# GIVEN INFORMATION
/---

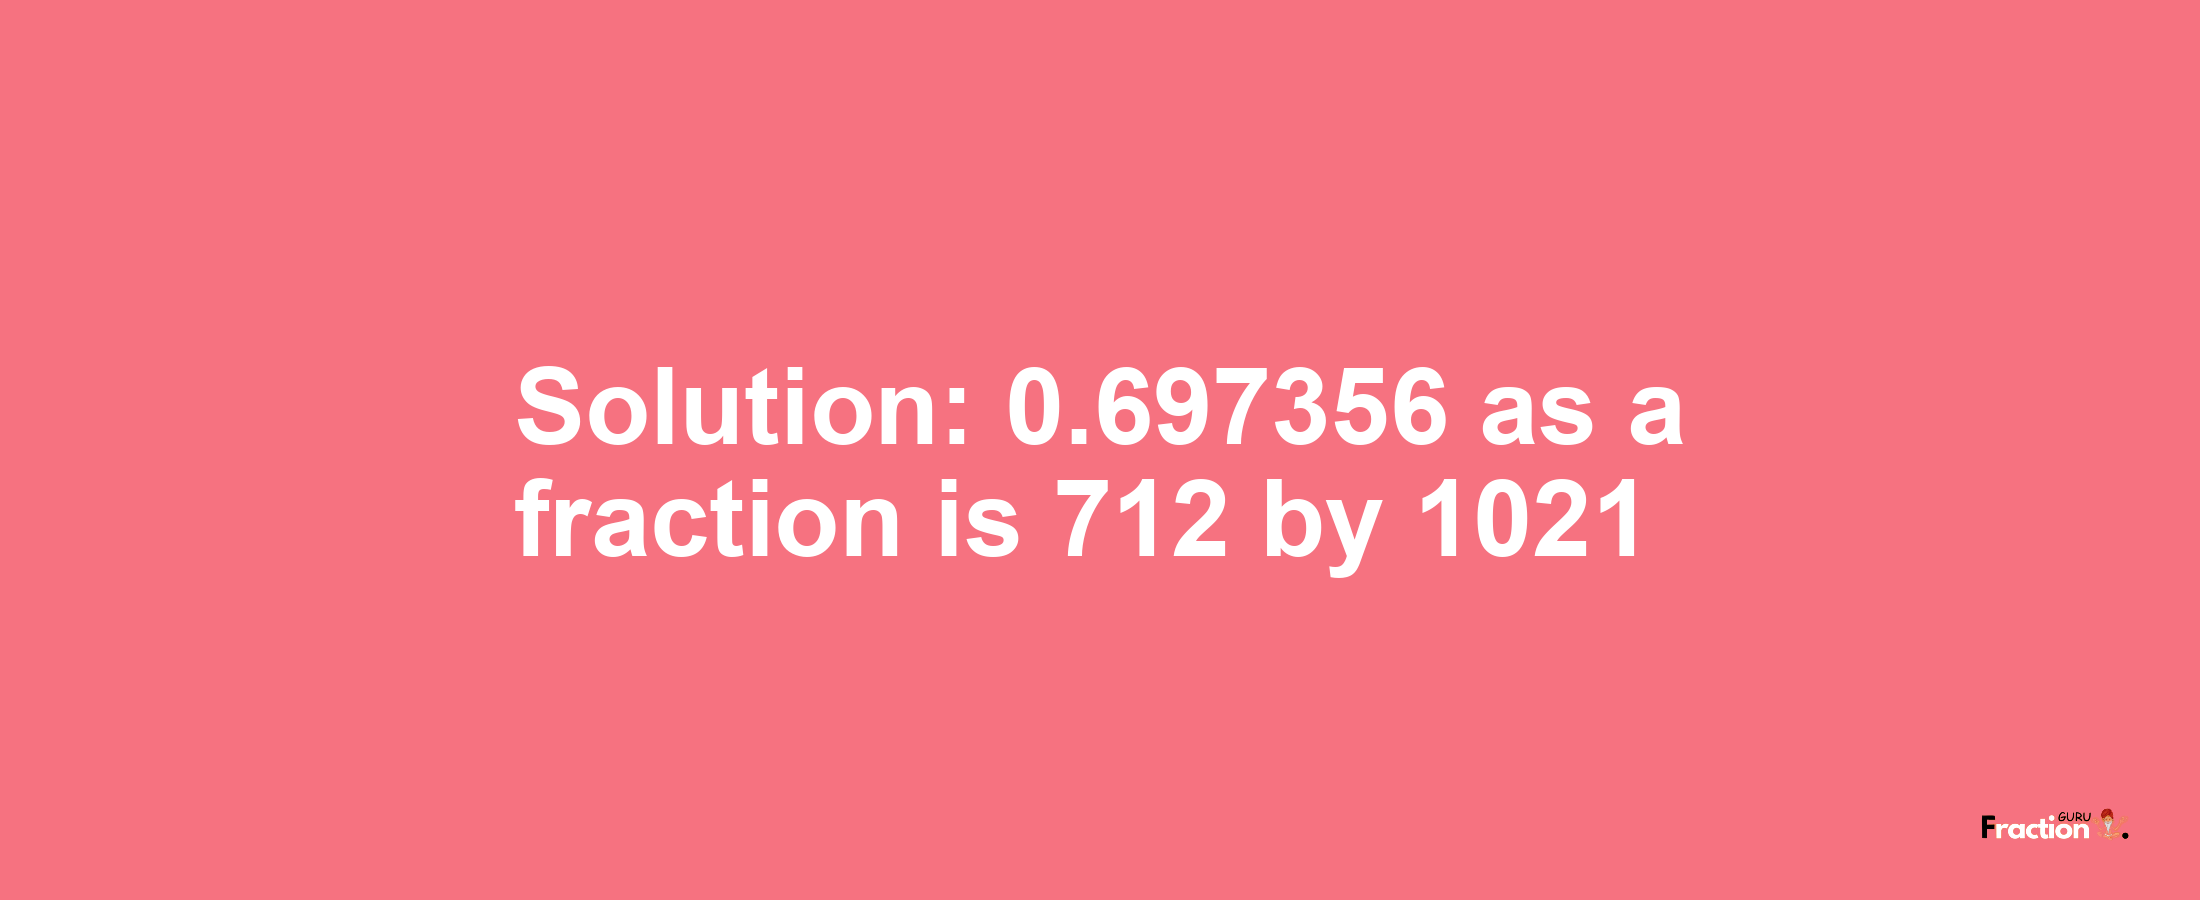 Solution:0.697356 as a fraction is 712/1021
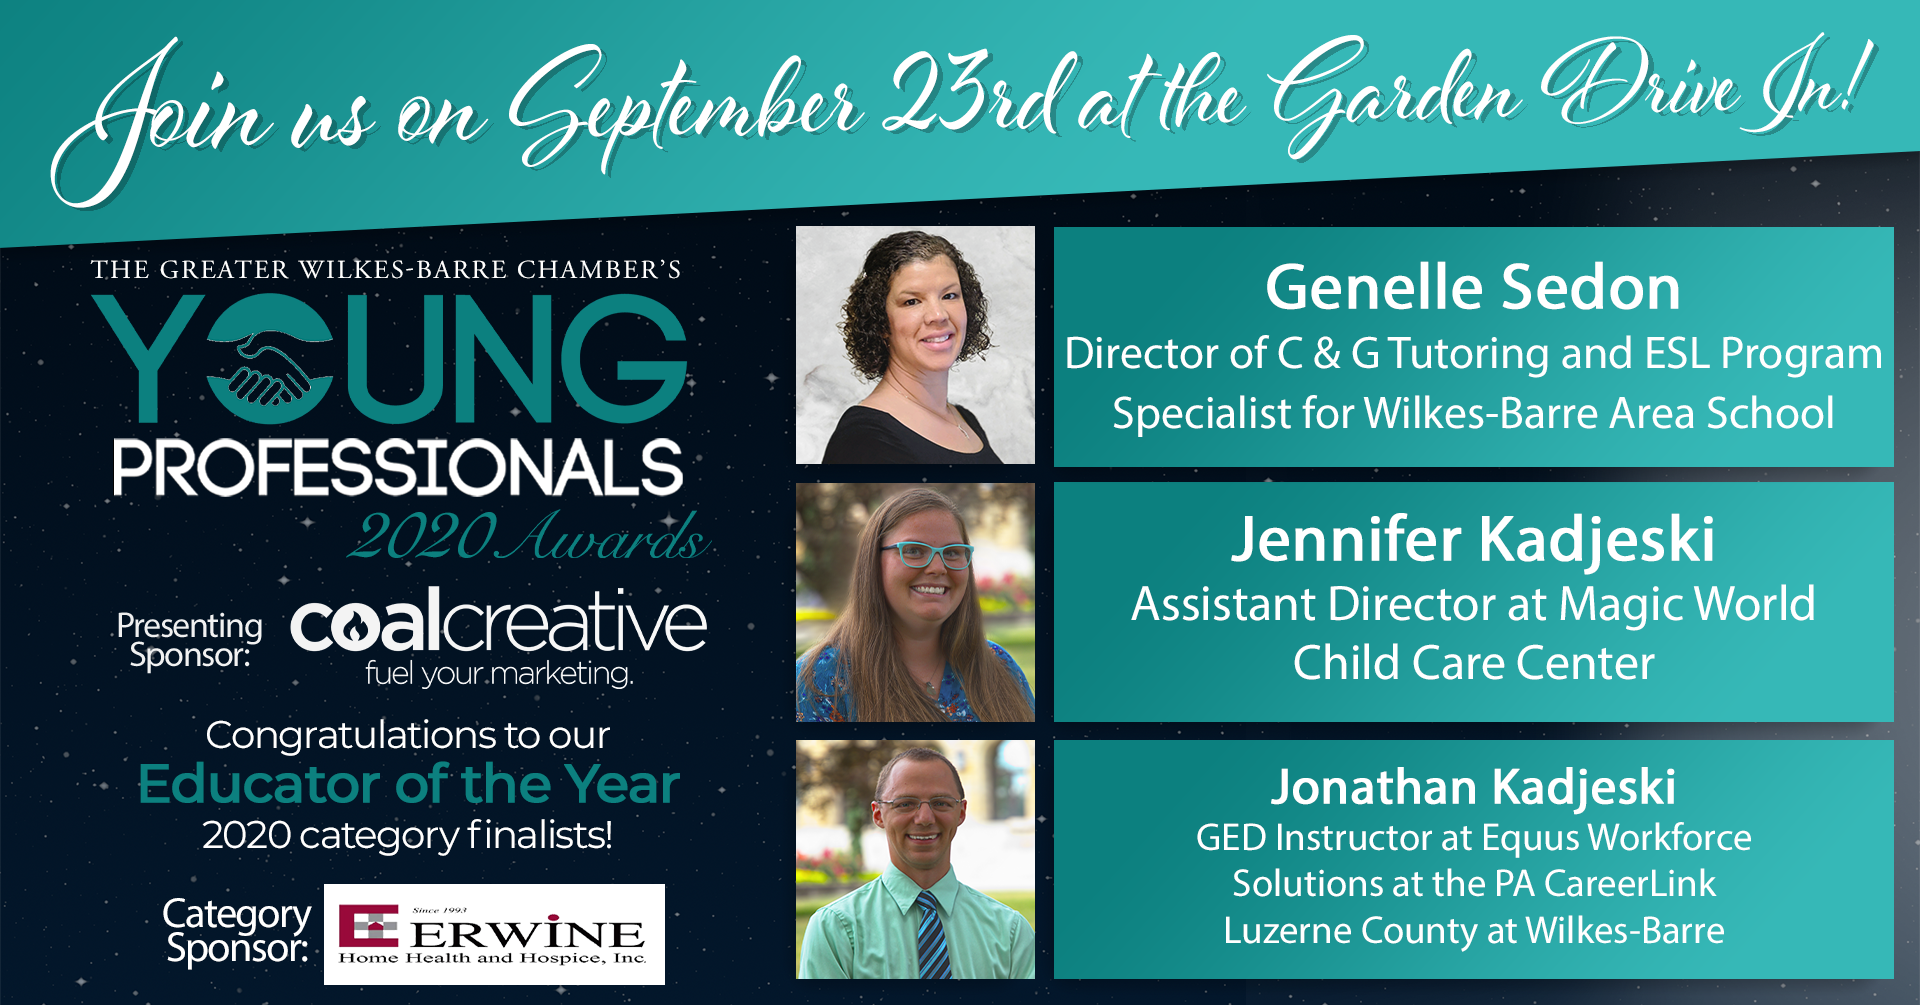 Meet the 2020 Young Professionals Category Finalists for Educator of the Year!
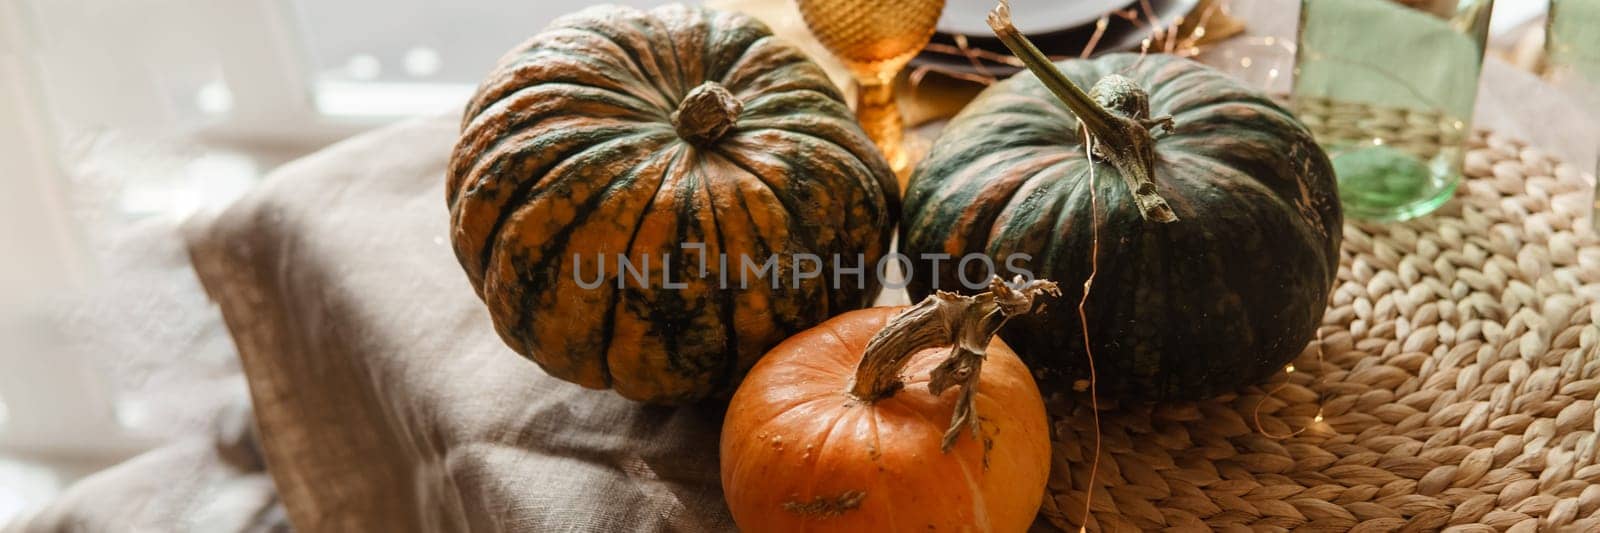 Autumn interior: a table covered with dishes, pumpkins, a relaxed composition of Japanese pampas grass. Interior in the photo Studio. Close - up of a decorated autumn table by Annu1tochka
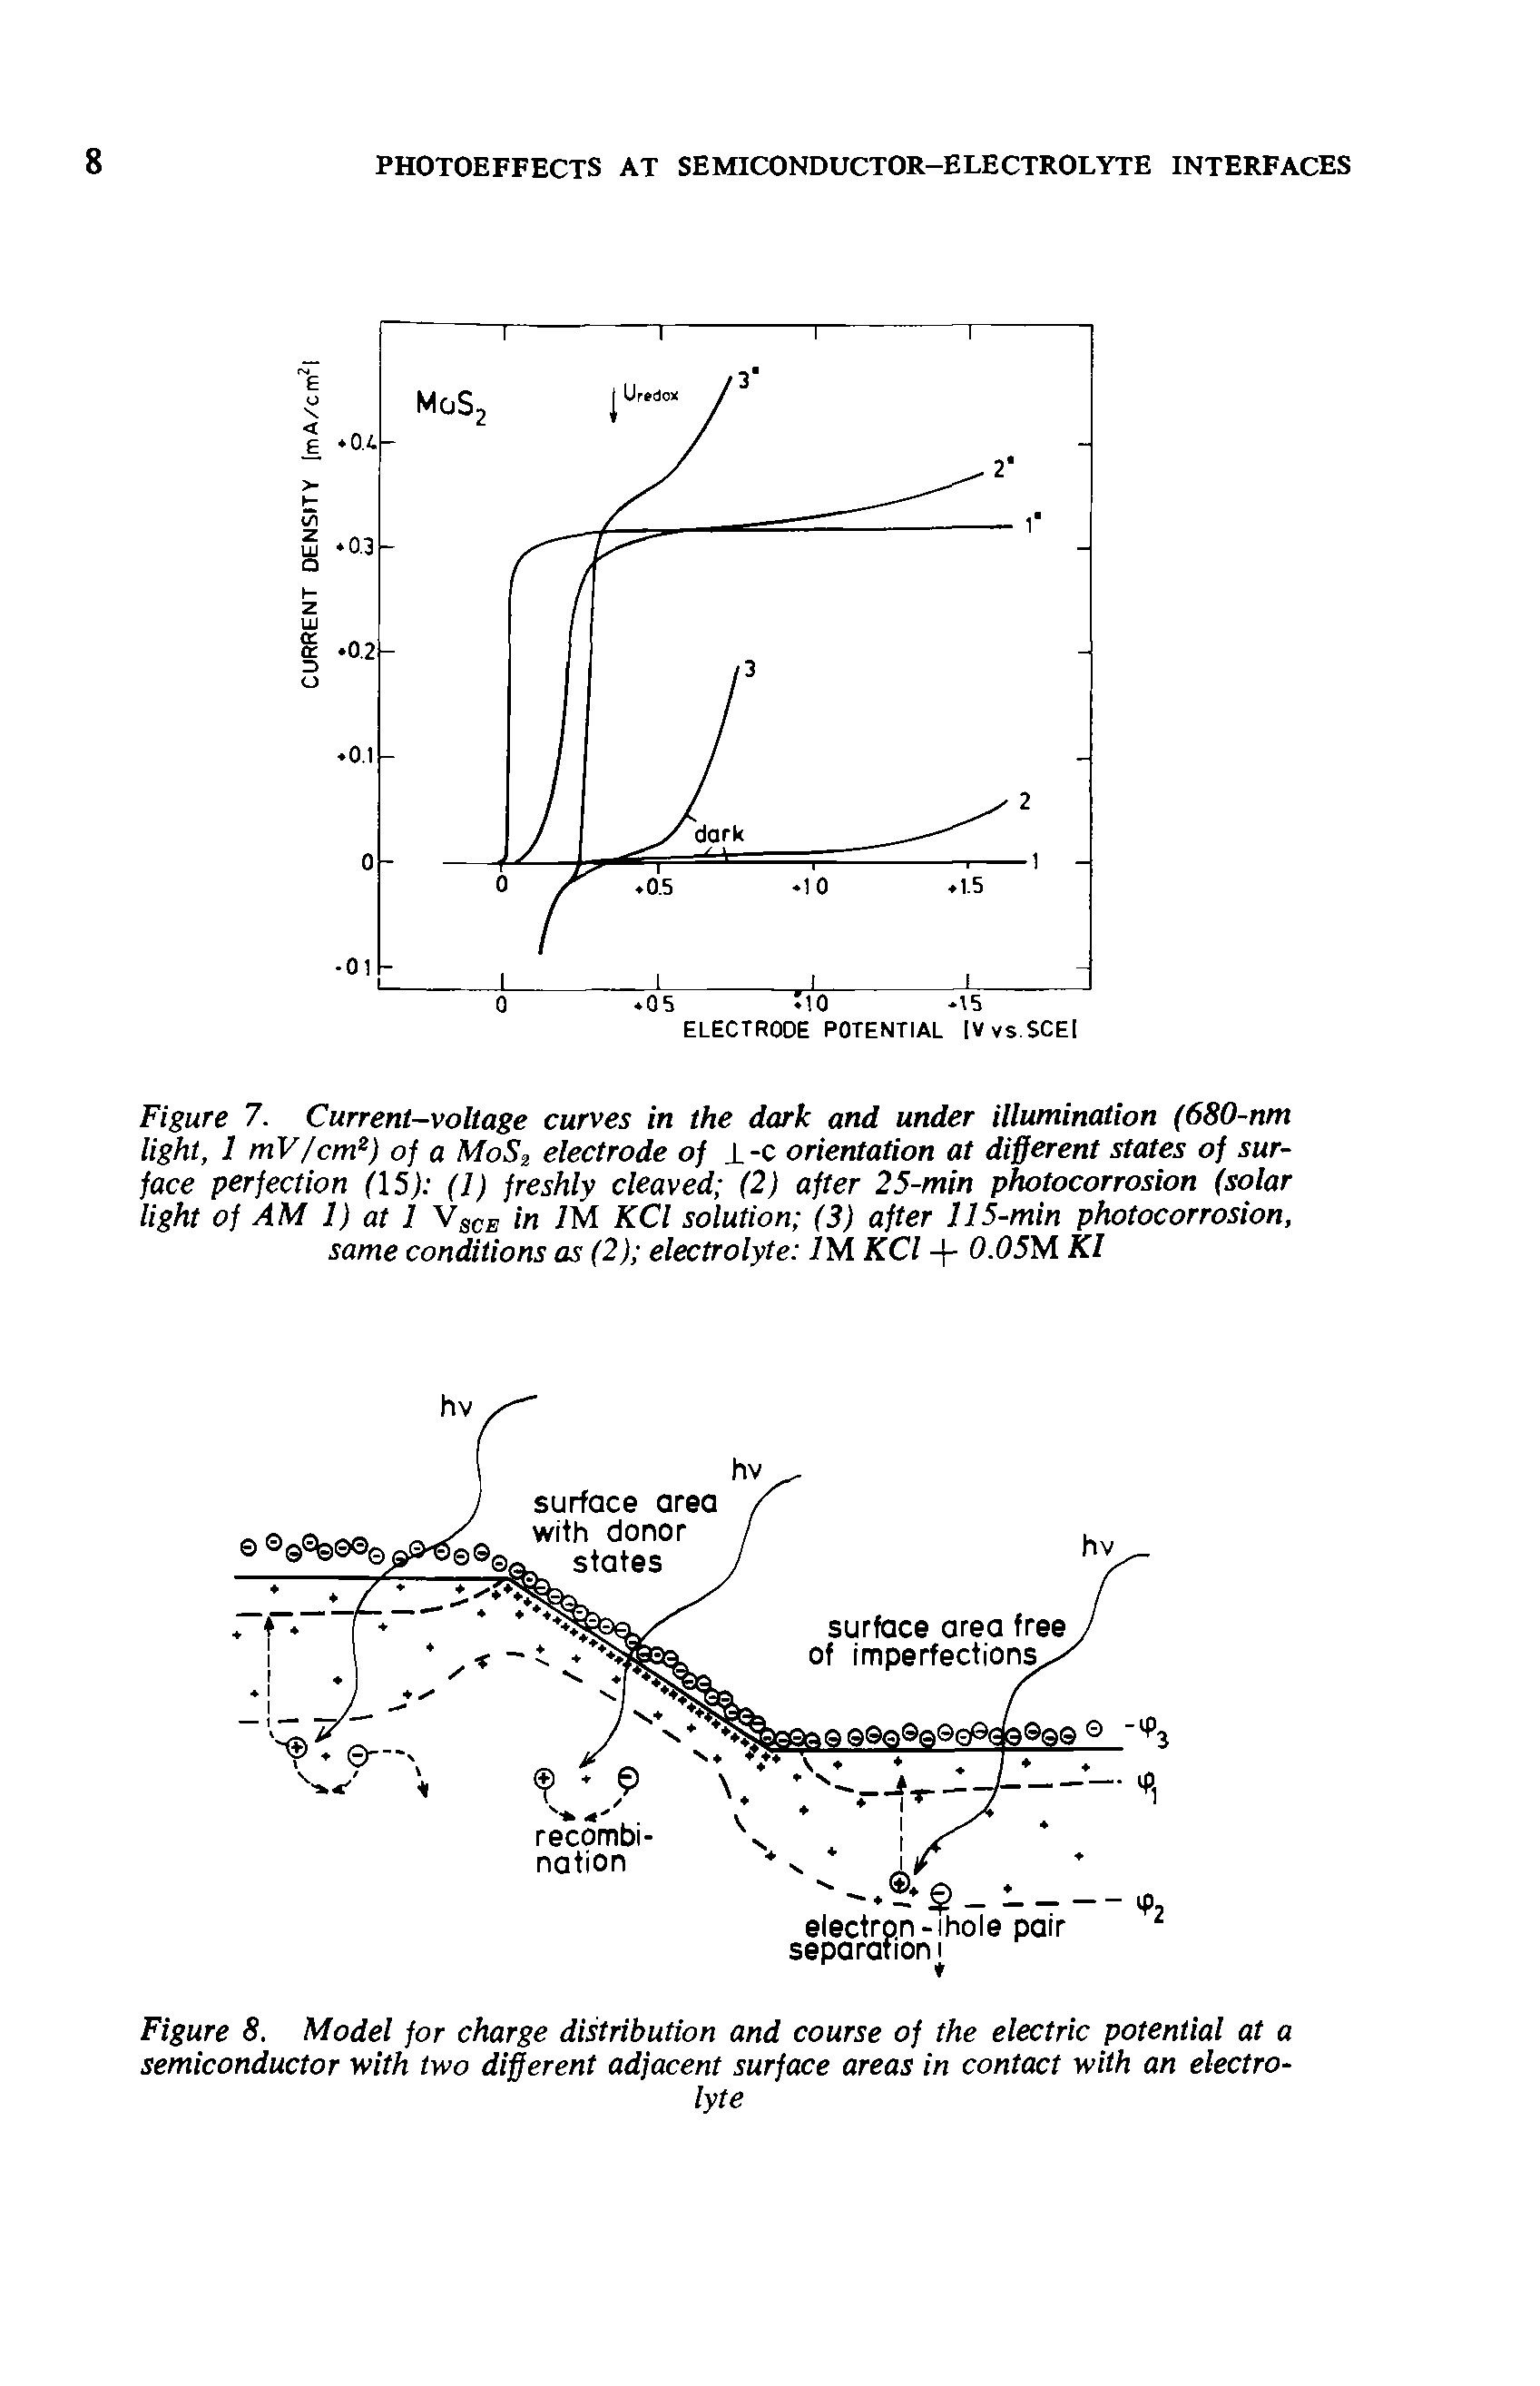 Figure 8. Model for charge distribution and course of the electric potential at a semiconductor with two different adjacent surface areas in contact with an electrolyte...

\---

# PROBLEM TO SOLVE
Would you copy out the data exactly, leaving every picture out?

# FINISHED TASK
 Solution:0.697356 as a fraction is 712/1021
 Meet the 2020 Young Professionals Category Finalists for Educator of the Year!
 Autumn interior: a table covered with dishes, pumpkins, a relaxed composition of Japanese pampas grass. Interior in the photo Studio. Close - up of a decorated autumn table by Annu1tochka
 Figure 8. Model for charge distribution and course of the electric potential at a semiconductor with two different adjacent surface areas in contact with an electrolyte...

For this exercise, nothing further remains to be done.